# Fruit Fly Media Self Life



## jeeperrs (Jan 14, 2010)

I was thinking about buying some Fruit Fly Media in bulk. Does anyone know how long the self life is for most fruit fly media? I intend to keep it inside a closet, so it will be in a dry, dark environment.


----------



## jeeperrs (Jan 14, 2010)

can I get a bump?


----------



## jeeperrs (Jan 14, 2010)

Sorry for all the bumps...but I am wanting to place an order tonight, while they are on sale  Does anyone have a guess as to how long the dry media can last on the self?


----------



## Philsuma (Jul 18, 2006)

at least 8 years.......


----------



## zBrinks (Jul 16, 2006)

I think this question would best be asked to the person providing the media, as it would depend on the ingredients, how it is stored, etc.


----------



## jeeperrs (Jan 14, 2010)

It is Josh's Frog media and I have sent an email but I thought I would get a faster reply on here  I try to do most of my purchases through Josh's Frogs lol


----------



## joshsfrogs (May 6, 2004)

The media has a shelf life of 1 year for best results. You can use it after that, but you won't get the same bag for your buck. You can prolong this by putting it in the fridge.

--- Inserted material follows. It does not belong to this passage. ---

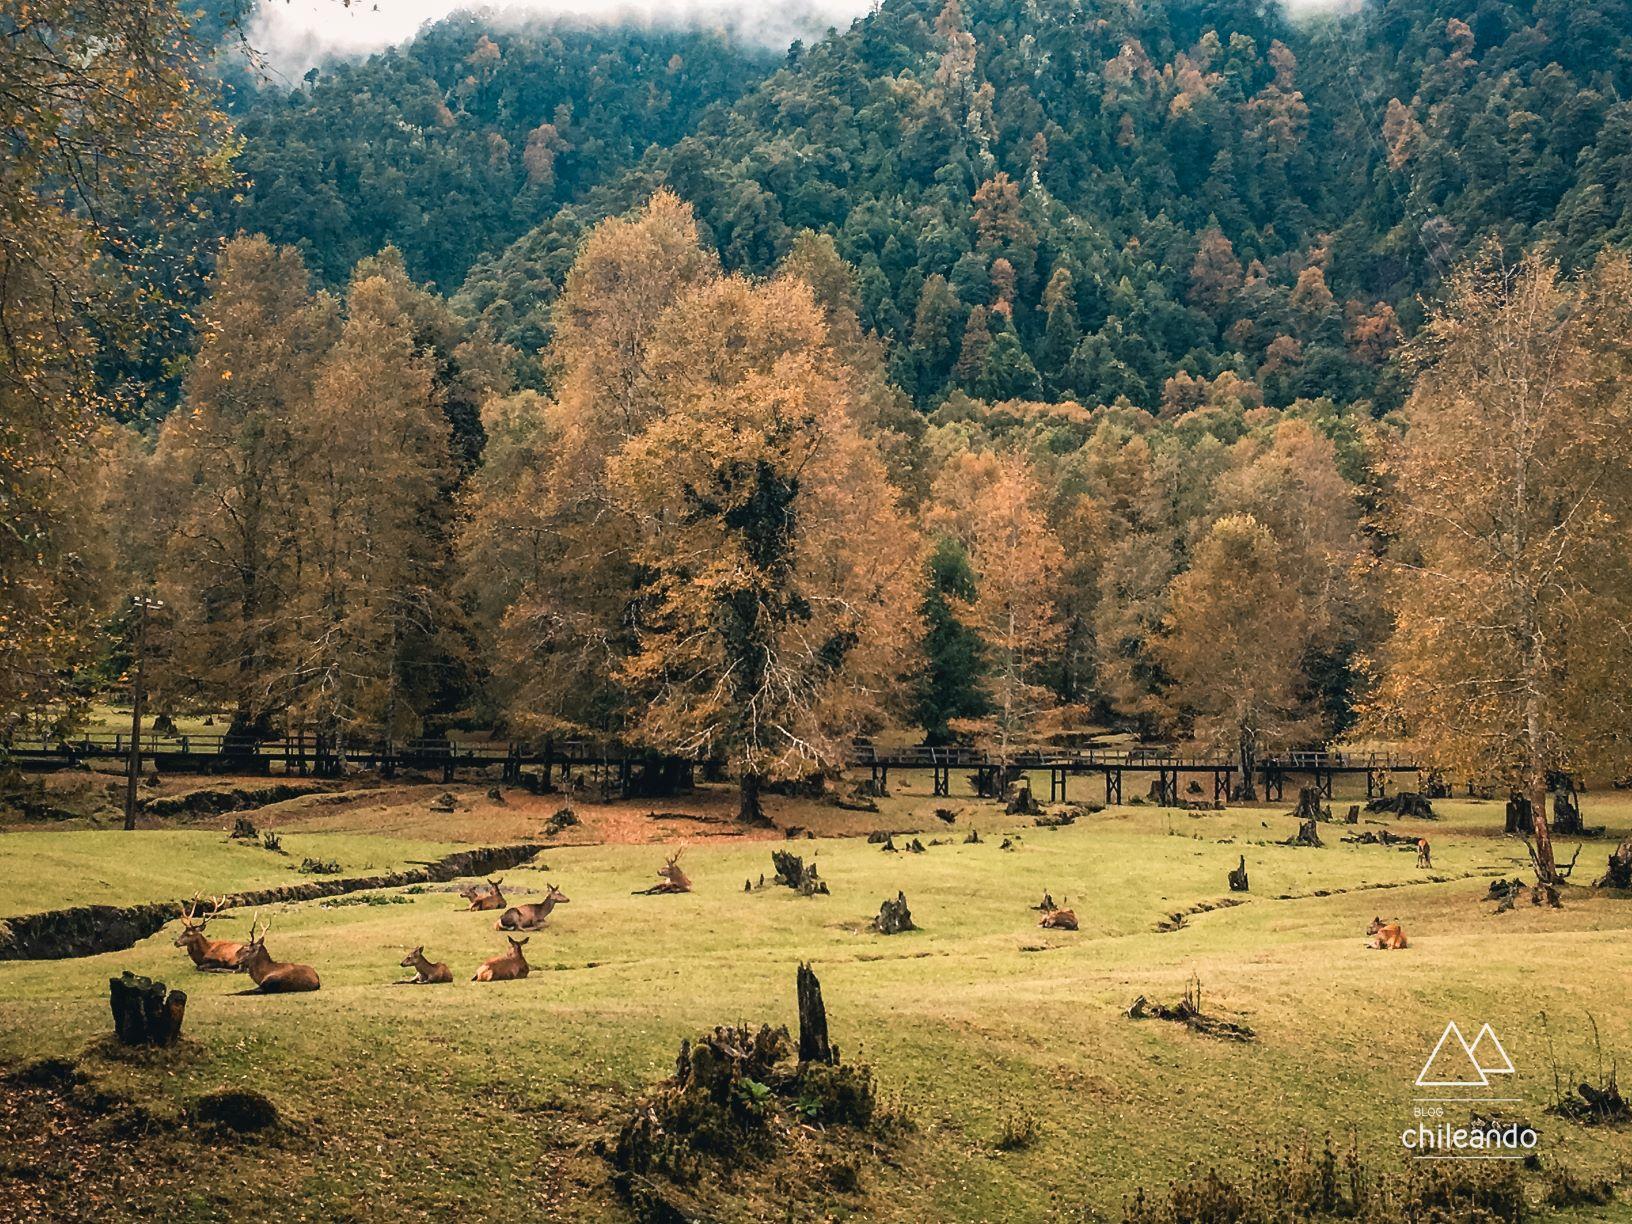 Área dos veados selvagens

Make up some extra cultures and sell them to your local pet store. You can make a culture for less than $3 and most pet stores will give you $5+ for the culture.


----------



## jeeperrs (Jan 14, 2010)

Thank you for the reply Josh, phil, and Z. I think my order will be a years worth. I was just wanting to take advantage of the 15% off, before it ends tomorrow


----------